Neural networks are better than humans in many visual problems, although they may still have bugs. For example, a border box may be too wide, confidence too low, or an object Hallucinated In a place that is actually empty.
Fixing these bugs is challenging.
Neural networks are considered black boxes that are difficult to analyze and understand. However, to improve the model, engineers need to understand the phenomena of failure and dive deeper into the specificities of what the model has learned.
The model is represented by a set of weights and can visualize what each specific neuron is trying to detect. For example, the first layers of the starship network are activated in standard patterns such as horizontal and vertical edges. Subsequent blocks of layers identify more complex textures, while higher layers identify vehicle parts and whole objects.
Technical debt takes on another meaning with machine learning models. Engineers are constantly improving the architecture, optimization process and dataset. As a result the model became more accurate. Nevertheless, modifying the detection model for better does not guarantee success in the robot’s overall behavior.

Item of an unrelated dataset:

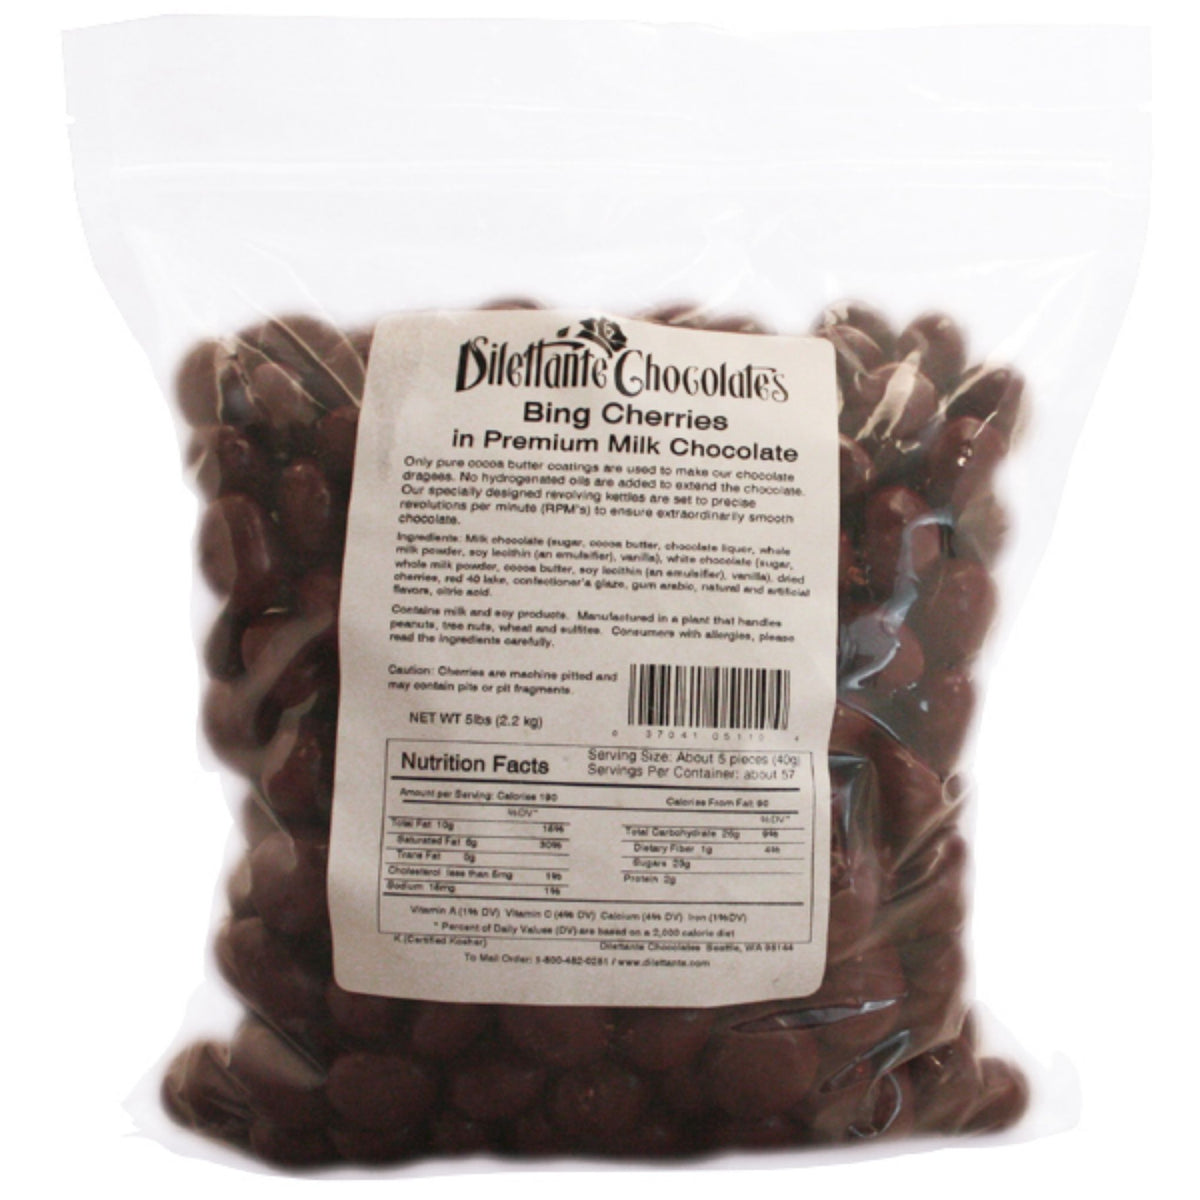 Dilettante Chocolates Bing Cherries in Premium Milk Chocolate in a Large 5-Pound Bulk Bag

There are dozens of components that use the output of the object detection model, each of which requires a different accuracy and recall level that is set based on the existing model. However, the new model may work differently in different ways. For example, the output potential distribution may be biased or larger than the larger value. While average performance is good, it can be worse for a certain group like big cars. To avoid these constraints, the team calibrates the probabilities and tests the regression in a multi-layered data set.
Monitoring trainable software components poses a different challenge than standard software monitoring. There is little concern about estimated time or memory usage, as these are mostly constant.
However, the dataset shift becomes the primary concern – the data distribution model used to train the model differs from where it is currently deployed.
For example, an electric scooter may suddenly run on the sidewalk. If the model does not consider this category, it will take a long time to classify the model correctly. The information obtained from the Object Detection module will not agree with other sensitive information, which will require the help of human operators and thus reduce the delivery.
Neural networks give Starship robots the ability to stay safe at road crossings by avoiding obstacles like cars, and on the pavement by understanding the different aspects that people and other obstacles can choose.
Starship robots achieve this using cheap hardware that faces many engineering challenges but makes robot delivery a powerful reality. Starship’s robots are delivering the original seven days a week in multiple cities around the world, and are delighted to see how our technology continues to bring additional benefits to people’s lives.